He carefully removed all the unwanted trespassers and upon returning to the dining room he told Katherina that he had solved the problem. He also discreetly inquired about the tea that afternoon and was assured that it all went just fine. (Might we also have said“swimmingly”? first recorded usage in 1692). I do not believe that he went into the details at the time of what he found in the water tank. However Katherina must have learned of the water rats for she was the one who related the above story to me. And this brings us to another episode in the story of Mazinde Juu.

It was Katherina herself who introduced herself to me by letter after receiving information from the Archabbey of St. Ottilien in Germany that Mazinde Juu was still an educational institution with the very same P.O. Box Number 90 when she was here in 1966. Her father had close ties with the Archabbey and the family often went there for Mass especially on Holydays. When she learned that I was in charge as the manager and incidentally a member of St. Ottilien it was the beginning of an interesting correspondence.  To top it all off we actually met face to face last month on my visit to St. Ottilien. I had gone to the Archabbey to meet with the Superior there to present my reports on the programs here and to receive the Archabbot’s blessing for future developments at Mazinde Juu. The hours of that afternoon and evening with Katherina, her children and grandchildren went all too quickly. Much to my surprise Katharina introduced me to her elder sister, Theresa, who had actually preceded her to work as a volunteer in Tanzania. It was Theresa then who persuaded Katherina to come to Tanzania and to take over the new project of the Social Training Center at Mazinde Juu which was just waiting for a leader to get the program under way. Theresa herself had a very interesting story to tell after spending ten years here in Tanzania living alone in the villages teaching African women by her own example of how to improve their lives and the health and welfare of their families. Her lifestyle was as simple as that of the local women and she became a powerful example for her African neighbors.

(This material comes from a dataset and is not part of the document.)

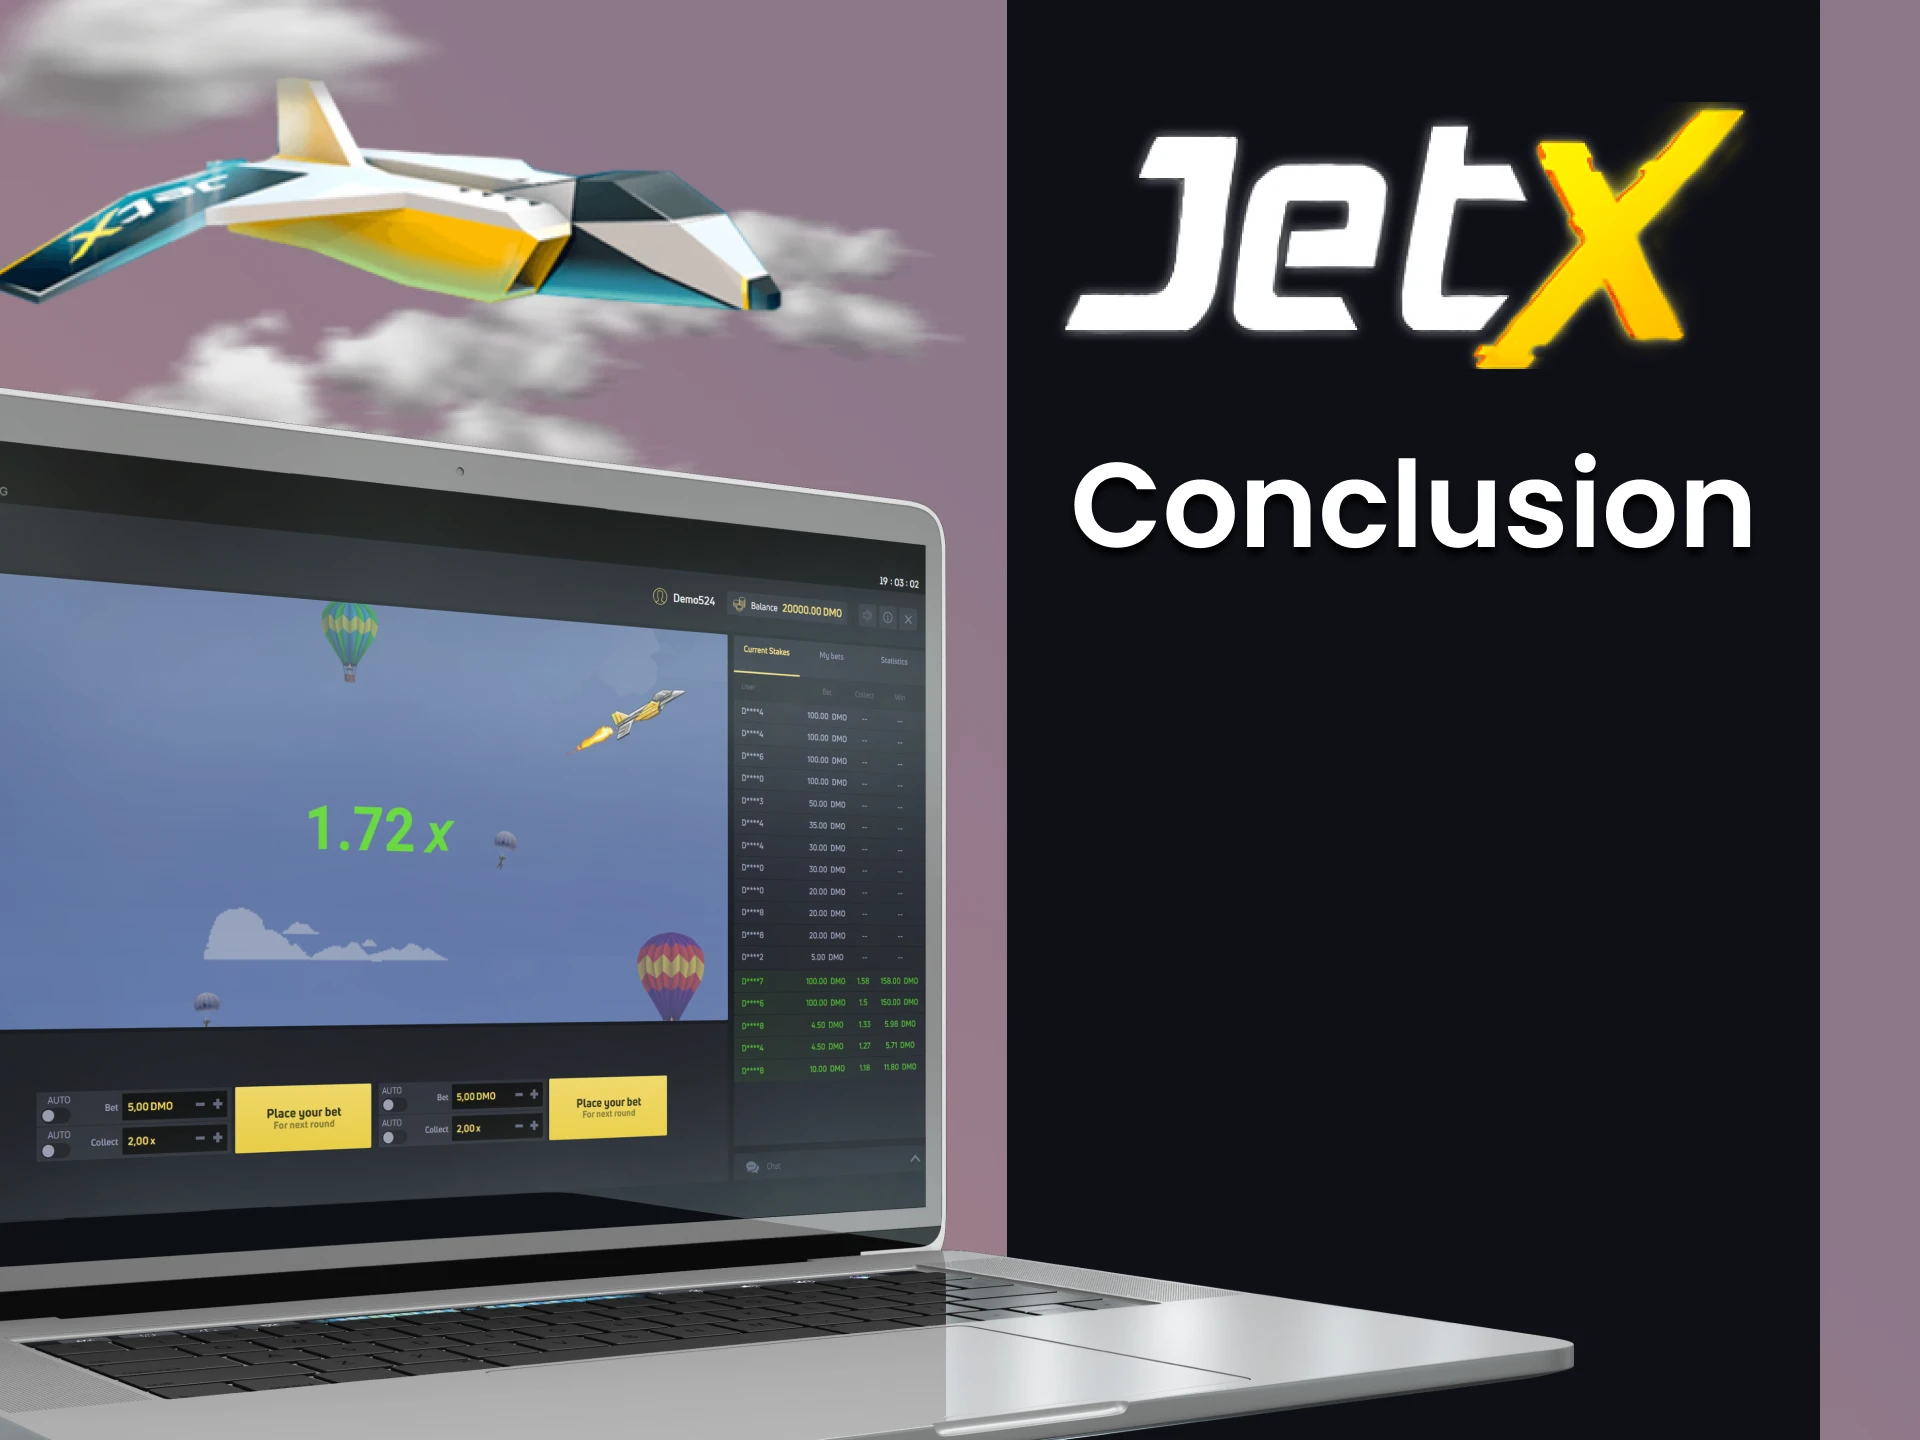 The demo version of JetX is ideal for training.

Using the means at hand she was able to show by doing how to grow gardens of healthful vegetables and showing the best means of preparing and preserving them as well.

Her lifestyle was on the same level as her African neighbors so her message became all the more valid for the African mothers to follow. Theresa’s expertise in home craft, child care and gardening was all well within the scope and ability for the women to understand and to put into practice. She became a marvelous apostle of spreading the message of good health and well being by doing and by sharing. Although she never married she adopted two African children. I met one of the children, a delightfully pleasant African named Maria who is now a full fledged teacher in a German school. Her knowledge of Swahili was sketchy but her German was dead on pitch. She was not so entranced with the idea of going back to Africa, having so few contacts there anymore and for sure not having a desire to leave her beloved Mom, Theresa.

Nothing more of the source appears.